[Start of Attachment]
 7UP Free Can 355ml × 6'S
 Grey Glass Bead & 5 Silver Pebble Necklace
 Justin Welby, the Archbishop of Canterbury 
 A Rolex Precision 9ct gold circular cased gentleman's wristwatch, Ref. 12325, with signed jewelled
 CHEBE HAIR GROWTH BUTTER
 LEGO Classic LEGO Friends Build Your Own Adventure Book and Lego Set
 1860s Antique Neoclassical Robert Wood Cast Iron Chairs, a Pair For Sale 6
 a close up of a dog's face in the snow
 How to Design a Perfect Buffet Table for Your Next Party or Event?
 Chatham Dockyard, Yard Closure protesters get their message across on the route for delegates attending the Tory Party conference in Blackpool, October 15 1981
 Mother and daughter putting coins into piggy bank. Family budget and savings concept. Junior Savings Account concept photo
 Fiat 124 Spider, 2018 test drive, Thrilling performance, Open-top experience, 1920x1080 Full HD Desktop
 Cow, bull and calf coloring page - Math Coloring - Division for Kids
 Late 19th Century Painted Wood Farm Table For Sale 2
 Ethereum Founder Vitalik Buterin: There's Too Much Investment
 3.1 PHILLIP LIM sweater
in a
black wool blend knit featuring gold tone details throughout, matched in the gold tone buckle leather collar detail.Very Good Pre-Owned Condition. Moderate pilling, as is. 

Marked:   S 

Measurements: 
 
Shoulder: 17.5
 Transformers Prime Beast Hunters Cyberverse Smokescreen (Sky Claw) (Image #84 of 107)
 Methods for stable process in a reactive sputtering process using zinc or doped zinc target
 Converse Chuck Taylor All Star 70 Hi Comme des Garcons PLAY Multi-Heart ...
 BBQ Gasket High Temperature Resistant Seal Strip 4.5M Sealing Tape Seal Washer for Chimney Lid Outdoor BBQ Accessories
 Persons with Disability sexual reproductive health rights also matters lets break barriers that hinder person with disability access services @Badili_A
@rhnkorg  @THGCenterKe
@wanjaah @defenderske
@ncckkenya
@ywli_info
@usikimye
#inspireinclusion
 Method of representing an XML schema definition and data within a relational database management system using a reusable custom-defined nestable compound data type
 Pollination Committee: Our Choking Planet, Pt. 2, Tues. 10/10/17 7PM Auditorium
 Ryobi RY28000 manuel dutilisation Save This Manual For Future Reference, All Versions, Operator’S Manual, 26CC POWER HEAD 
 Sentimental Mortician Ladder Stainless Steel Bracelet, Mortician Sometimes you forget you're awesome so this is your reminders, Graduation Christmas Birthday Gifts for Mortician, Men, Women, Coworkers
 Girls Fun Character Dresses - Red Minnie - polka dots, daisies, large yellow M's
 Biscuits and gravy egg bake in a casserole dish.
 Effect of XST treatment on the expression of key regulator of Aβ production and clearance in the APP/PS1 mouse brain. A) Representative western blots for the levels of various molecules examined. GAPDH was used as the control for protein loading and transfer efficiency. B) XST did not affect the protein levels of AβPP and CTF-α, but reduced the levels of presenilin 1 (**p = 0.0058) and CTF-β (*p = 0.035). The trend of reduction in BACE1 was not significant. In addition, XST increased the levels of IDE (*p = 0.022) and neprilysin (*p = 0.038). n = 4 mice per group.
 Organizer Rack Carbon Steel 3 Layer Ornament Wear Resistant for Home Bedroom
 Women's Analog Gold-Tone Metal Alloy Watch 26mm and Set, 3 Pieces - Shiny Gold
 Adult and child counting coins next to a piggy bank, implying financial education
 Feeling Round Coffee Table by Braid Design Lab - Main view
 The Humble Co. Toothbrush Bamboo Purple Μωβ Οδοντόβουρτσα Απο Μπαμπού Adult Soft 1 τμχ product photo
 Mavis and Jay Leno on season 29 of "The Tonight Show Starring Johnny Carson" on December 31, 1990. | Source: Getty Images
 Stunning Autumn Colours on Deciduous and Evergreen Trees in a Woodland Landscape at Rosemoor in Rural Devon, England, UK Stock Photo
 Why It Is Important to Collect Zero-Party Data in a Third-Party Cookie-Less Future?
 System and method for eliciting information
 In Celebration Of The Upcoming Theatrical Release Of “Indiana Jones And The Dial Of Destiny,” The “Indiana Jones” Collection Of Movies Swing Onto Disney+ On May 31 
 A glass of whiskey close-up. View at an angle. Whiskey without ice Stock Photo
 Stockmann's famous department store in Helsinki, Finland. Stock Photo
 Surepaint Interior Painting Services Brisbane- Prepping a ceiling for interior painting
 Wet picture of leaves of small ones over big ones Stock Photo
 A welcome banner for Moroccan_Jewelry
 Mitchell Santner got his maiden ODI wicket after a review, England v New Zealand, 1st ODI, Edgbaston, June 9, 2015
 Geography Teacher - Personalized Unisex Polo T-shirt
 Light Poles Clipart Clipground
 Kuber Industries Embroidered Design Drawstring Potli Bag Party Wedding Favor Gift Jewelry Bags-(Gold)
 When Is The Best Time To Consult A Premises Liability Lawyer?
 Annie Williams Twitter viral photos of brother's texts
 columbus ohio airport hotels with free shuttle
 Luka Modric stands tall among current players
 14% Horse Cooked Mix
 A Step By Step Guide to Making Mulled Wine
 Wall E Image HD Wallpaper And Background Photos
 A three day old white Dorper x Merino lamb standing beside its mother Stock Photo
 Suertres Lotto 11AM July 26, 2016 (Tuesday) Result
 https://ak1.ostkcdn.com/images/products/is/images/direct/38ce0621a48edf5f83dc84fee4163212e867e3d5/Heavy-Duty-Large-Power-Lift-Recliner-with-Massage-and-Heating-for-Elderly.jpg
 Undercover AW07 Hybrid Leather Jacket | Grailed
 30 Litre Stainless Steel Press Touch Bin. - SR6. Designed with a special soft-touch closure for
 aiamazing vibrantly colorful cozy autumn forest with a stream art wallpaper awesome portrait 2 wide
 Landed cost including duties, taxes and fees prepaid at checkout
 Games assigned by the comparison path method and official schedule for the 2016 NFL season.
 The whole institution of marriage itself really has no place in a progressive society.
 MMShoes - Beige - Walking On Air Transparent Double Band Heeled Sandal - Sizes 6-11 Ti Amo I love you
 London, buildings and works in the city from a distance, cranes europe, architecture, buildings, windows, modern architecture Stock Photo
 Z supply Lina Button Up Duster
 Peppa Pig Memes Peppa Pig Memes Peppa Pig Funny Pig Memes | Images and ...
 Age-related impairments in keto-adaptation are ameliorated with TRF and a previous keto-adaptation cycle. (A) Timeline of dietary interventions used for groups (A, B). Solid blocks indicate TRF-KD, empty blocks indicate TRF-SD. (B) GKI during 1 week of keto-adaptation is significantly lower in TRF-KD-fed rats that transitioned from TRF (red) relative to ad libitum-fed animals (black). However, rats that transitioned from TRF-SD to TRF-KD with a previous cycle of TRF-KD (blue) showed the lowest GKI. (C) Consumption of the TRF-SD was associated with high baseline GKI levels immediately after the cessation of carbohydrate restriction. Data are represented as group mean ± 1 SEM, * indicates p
[End of Attachment]
**TASK TO COMPLETE**
Find how many lines of the listing include the string "England" and give that number, nothing else.

**RESPONSE TO THIS EXERCISE**
2